This Passover marks the temporary exodus of one of our congregants, Ron Baker.
Every congregant is valuable, every congregant has roles to play, and the departure of any congregant is remarkable. All this is more so in a small congregation like ours.
Still, Ron’s leaving is worth a special comment.
Ron’s life and career have taken him from Tupelo to the world, from Christianity to Judaism, and for the moment, back to his home and family in Israel. He had been back in Tupelo for a year to take care of family matters here. In that time, he was back at Temple B’nai Israel, where his intelligence, his scholarship, his humanity, and most of all his friendship have left a gap impossible to fill. At our Torah Study, which Ron inspired and helped to start, we leave a chair for him like Elijah at the seder.

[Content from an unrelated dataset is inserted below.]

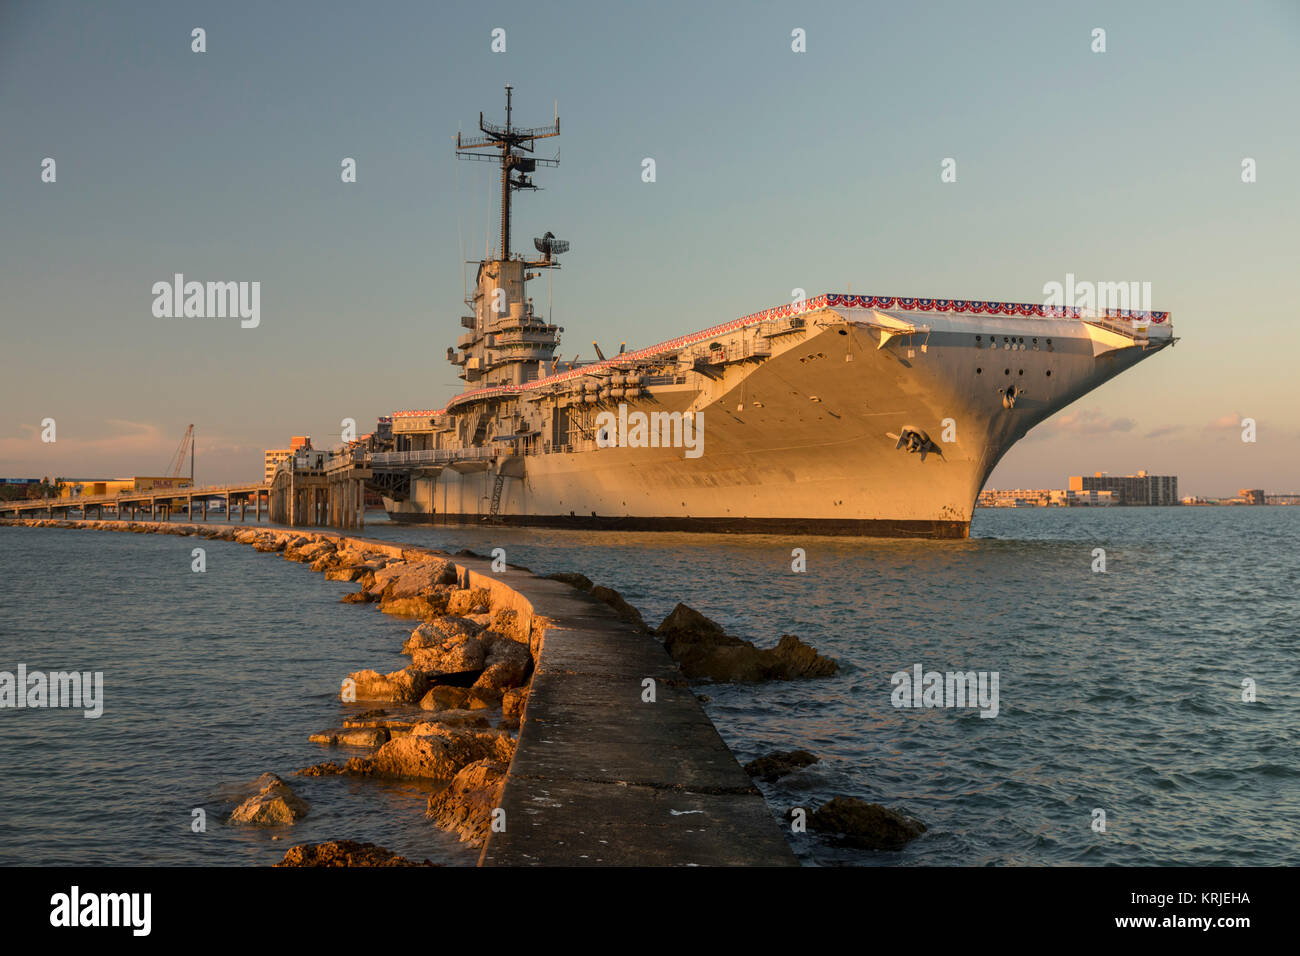 Corpus Christi, Texas - l'USS Lexington, un porte-avions de la Seconde  Guerre mondiale, qui est maintenant un musée naval Photo Stock - Alamy

It is difficult to summarize Ron’s life and accomplishments. Fortunately, the Daily Journal’s religion editor Galen Holley did that so very well a few weeks ago in a profile, Divine Encounter.
Ron is returning to Israel to take on a new and extraordinarily important job as Director of the Bat Kol Institute in Jerusalem. For those unfamiliar with Bat Kol, their mission is:
To promote the study of Torah (the Word of God), oral and written, as transmitted today through Jewish Traditions.
To foster an understanding and appreciation of Jewish prayer and the Jewish biblical cycle—with the Sabbath as its central festival.
To facilitate the integration of these studies into a Christian self-understanding in a manner that respects the Jewish people and reveres the integrity of their traditions.
To extend the riches of the Hebrew Scriptures and Traditions in regular study of the Bible by Christians.
Ron enriched our lives, our congregation and our community, and we look forward to his being back in Tupelo before too long.